Records from a data collection:

*** Block opens ***

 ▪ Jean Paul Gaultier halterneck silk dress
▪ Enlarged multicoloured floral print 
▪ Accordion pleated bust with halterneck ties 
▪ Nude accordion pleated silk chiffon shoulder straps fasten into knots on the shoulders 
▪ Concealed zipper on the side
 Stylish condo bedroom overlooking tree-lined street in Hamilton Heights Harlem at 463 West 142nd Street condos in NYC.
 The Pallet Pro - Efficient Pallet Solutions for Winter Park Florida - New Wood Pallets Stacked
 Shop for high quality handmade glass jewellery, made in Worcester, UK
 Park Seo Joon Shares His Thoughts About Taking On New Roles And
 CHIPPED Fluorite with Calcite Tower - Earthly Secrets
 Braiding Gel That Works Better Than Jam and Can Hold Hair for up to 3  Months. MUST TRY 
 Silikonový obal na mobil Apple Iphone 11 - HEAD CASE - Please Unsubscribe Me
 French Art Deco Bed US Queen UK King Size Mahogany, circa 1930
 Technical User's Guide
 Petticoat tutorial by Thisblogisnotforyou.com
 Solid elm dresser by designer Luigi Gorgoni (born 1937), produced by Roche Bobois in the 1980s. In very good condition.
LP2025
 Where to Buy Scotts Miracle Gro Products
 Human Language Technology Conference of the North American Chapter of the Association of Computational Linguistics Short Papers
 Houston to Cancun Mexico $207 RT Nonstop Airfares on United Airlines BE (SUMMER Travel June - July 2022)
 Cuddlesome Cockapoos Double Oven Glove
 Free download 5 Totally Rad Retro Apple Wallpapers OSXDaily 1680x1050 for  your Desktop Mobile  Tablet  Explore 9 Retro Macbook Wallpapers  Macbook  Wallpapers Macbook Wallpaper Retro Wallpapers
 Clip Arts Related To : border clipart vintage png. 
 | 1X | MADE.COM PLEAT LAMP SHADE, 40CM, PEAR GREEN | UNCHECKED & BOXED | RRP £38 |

*** Block closes ***

• [Problem to solve] An exact copy of the lines from the one containing "Clip Arts Related" through the end of the entries is required, and nothing beyond them.

• [Output]
 Clip Arts Related To : border clipart vintage png. 
 | 1X | MADE.COM PLEAT LAMP SHADE, 40CM, PEAR GREEN | UNCHECKED & BOXED | RRP £38 |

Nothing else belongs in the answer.